We already have rationals tending to zero, and there's seemingly nothing meaningful "beyond zero", so intuitively it seems absurd to try to "invert cardinals".
I'm asking this because I'm worried about that asymmetry, whereby qualitative differences between successive cardinals are generated only through increments in the size of infinite sets, and not through decrease. After all, zero, i.e. "nothingness" is no less elusive than "infinity".
The various comments pointing out that there are no negative or infinitesimal cardinal numbers do not really address the OP's actual question: "As cardinal numbers involve the notion of ever increasing multitudes of things, is there a mathematically useful concept of ever decreasing multitudes?"
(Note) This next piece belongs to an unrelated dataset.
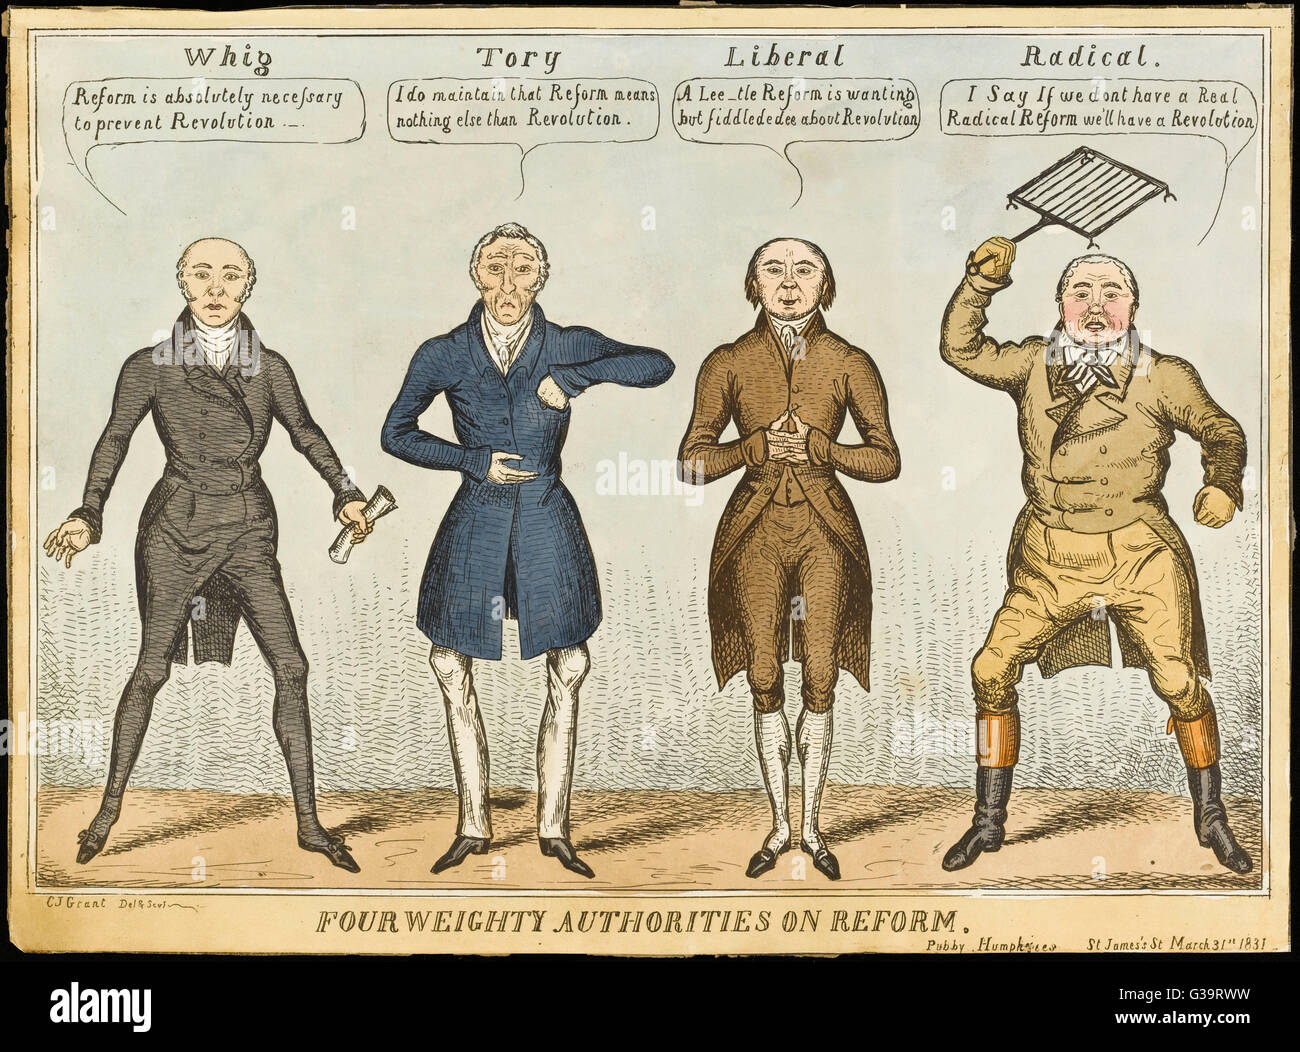 "Quattro poderosi competenti sulla riforma" gli atteggiamenti nei confronti del problema della riforma da lo spettro politico. Data: 1831 Foto Stock

I think the best answer to this would be John Conway's surreal numbers. The surreal numbers include (isomorphic copies of) the real numbers, the cardinal numbers that the OP was interested in (actually all ordinal numbers are there, not just cardinals), and much more. And you can define natural operations of addition and multiplication in such a way that the field axioms are satisfied. As a result, you can have "ever decreasing multitudes" by taking $\frac1{\lambda}$ for larger and larger infinite $\lambda.$
The collection of surreal numbers is a proper class (it's too large to be a set), but there's no avoiding that with OP's question, since the same thing is true of the class of cardinal numbers. (By the way, this is why I said above that the surreal numbers satisfy the field axioms, rather than saying that the surreal numbers form a field. Strictly speaking, a field has to be a set, not a proper class.)
See the Wikipedia page on surreal numbers for more info, or get John Conway's book On Numbers and Games. There are also Knuth's How two ex-students turned on to pure mathematics and found total happiness and Berlekamp, Conway, and Guy's Winning Ways for Your Mathematical Plays, but I'm not as familiar with those books.